## YOUR ASSIGNMENT
All lines from the entries below that contain the string "Images" should be copied out.

[Source records]
--------------------------------
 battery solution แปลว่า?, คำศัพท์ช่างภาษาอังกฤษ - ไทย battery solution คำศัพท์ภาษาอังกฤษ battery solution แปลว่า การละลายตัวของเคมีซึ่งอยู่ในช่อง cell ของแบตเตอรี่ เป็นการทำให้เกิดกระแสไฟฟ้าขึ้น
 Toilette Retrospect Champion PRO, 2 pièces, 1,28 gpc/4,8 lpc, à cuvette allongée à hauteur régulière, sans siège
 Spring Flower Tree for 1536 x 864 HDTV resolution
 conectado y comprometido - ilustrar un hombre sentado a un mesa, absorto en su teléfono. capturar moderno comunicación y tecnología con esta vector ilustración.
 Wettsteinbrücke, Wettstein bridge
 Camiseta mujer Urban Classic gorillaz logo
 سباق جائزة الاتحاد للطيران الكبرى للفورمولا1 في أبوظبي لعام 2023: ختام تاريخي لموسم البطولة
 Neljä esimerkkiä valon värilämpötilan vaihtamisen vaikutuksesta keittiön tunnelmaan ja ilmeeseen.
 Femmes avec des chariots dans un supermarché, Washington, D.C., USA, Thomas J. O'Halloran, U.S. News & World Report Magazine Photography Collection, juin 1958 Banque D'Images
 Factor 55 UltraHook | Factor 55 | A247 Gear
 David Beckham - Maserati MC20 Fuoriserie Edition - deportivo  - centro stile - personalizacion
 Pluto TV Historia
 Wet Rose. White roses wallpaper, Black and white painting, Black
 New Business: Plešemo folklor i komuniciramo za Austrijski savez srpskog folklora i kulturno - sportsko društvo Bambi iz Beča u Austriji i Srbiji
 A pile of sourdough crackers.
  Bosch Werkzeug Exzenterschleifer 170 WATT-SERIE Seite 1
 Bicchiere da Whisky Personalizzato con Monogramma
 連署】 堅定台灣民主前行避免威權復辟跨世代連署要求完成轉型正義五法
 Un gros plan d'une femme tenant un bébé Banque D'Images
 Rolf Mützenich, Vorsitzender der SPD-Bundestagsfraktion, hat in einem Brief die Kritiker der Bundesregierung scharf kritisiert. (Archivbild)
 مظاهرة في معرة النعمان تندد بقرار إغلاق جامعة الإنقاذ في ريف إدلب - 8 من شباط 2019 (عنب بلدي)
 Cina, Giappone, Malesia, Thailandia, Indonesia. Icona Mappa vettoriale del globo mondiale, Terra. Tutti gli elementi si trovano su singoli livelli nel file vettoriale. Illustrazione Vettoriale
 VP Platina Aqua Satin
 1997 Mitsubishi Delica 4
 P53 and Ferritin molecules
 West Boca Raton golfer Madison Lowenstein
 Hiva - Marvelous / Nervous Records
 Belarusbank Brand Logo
--------------------------------
## RESPONSE TO THE EXERCISE
 Femmes avec des chariots dans un supermarché, Washington, D.C., USA, Thomas J. O'Halloran, U.S. News & World Report Magazine Photography Collection, juin 1958 Banque D'Images
 Un gros plan d'une femme tenant un bébé Banque D'Images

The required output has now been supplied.